Ce fut probablement la plus heureuse période de sa carrière, celle du moins où le succès couronna ses désirs. Son ambition se sentait satisfaite : elle était une puissance ; son orgueil ne connaissait pas de blessure, sa volonté pas d’obstacles. Mais peu à peu des nuages s’amassèrent à l’horizon ; ses sujets, en admettant qu’ils eussent jamais été ses sujets, s’irritèrent d’une domination qui ne remplaçait pas pour eux le gouvernement guerrier qu’ils auraient rêvé. Ses immenses dépenses entamèrent sa fortune, dont la diminution l’obligea à restreindre les présents qu’elle avait jusque-là prodigués d’une main trop libérale. Elle finit par s’apercevoir que son autorité reposait sur le sable. Pendant ce temps, la plupart des serviteurs qu’elle avait emmenés d’Europe étaient morts ; les autres retournèrent dans leur pays natal. Elle demeura presque seule dans sa retraite du Liban, ne gardant que l’ombre de son ancienne puissance. Cette sensation d’échec dut être très amère ; mais elle la supporta avec son orgueil accoutumé, et elle sut se garder de l’avouer ou de se plaindre. Sans accorder un regret au passé, elle affronta d’un visage calme le malheur et l’ingratitude, soutenant aussi hardiment leurs assauts que celui des Bédouins dans le désert. Elle ne fléchit ni devant la vieillesse qui la gagnait lentement, ni devant l’abandon des lâches ingrats qui avaient si largement profité de sa libéralité. Seule elle vécut, au sein de ces grandes montagnes dont les sommets entouraient sa demeure isolée, sans livres, sans amis, servie seulement par quelques jeunes négresses, quelques esclaves et une poignée d’Arabes qui cultivaient son jardin et veillaient sur sa personne. Cependant l’amour du pouvoir était encore si puissant au dedans d’elle, qu’elle chercha à remplacer par une autorité spirituelle l’autorité politique qui lui échappait. Son énergie et son extraordinaire force de caractère trouvèrent leur expression dans un système religieux où l’illuminisme de l’Europe se confondait, dans un singulier mélange, avec les subtilités des croyances orientales et les mystères de l’astrologie du moyen âge. On ignore jusqu’à quels égarements d’esprit ces idées la portèrent, mais il n’est pas douteux qu’elle ne se crût parfois investie d’une puissance surnaturelle.

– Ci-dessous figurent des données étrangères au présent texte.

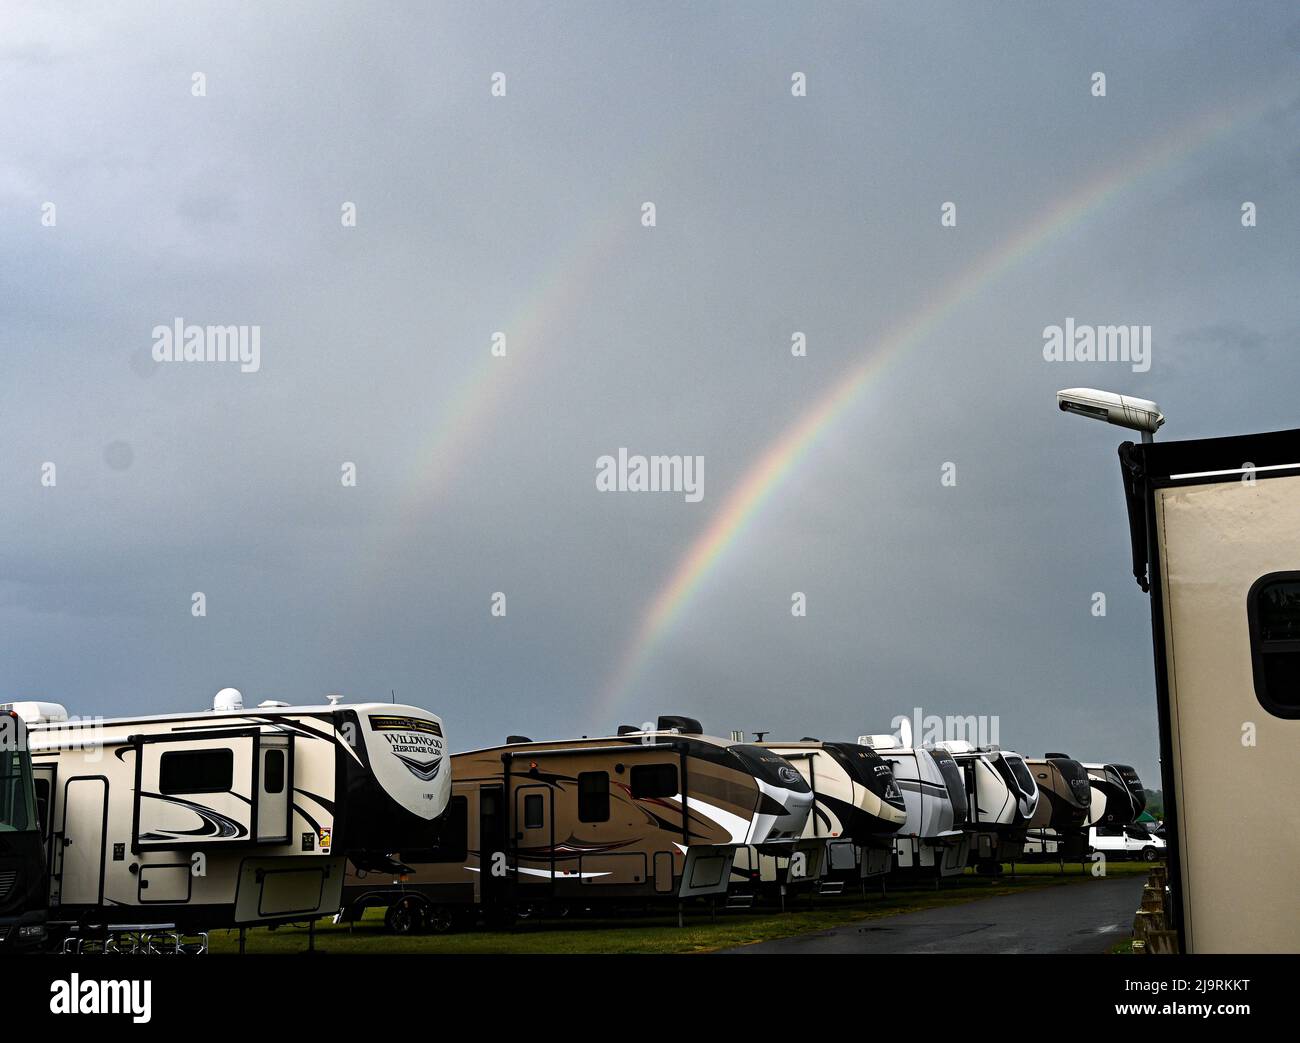 A double rainbow glistening on a dark moody sky, rising above a row of American RV trailers, Winnebago's Stock Photo

De temps à autre, un visiteur venait distraire sa solitude et y apporter un écho du monde de l’Occident ; il fallait pour cela obtenir sa permission spéciale ; mais, si ce visiteur lui était sympathique, il réussissait alors à triompher de la muette réserve dont elle s’enveloppait, et ses confidences avaient toujours un vif intérêt.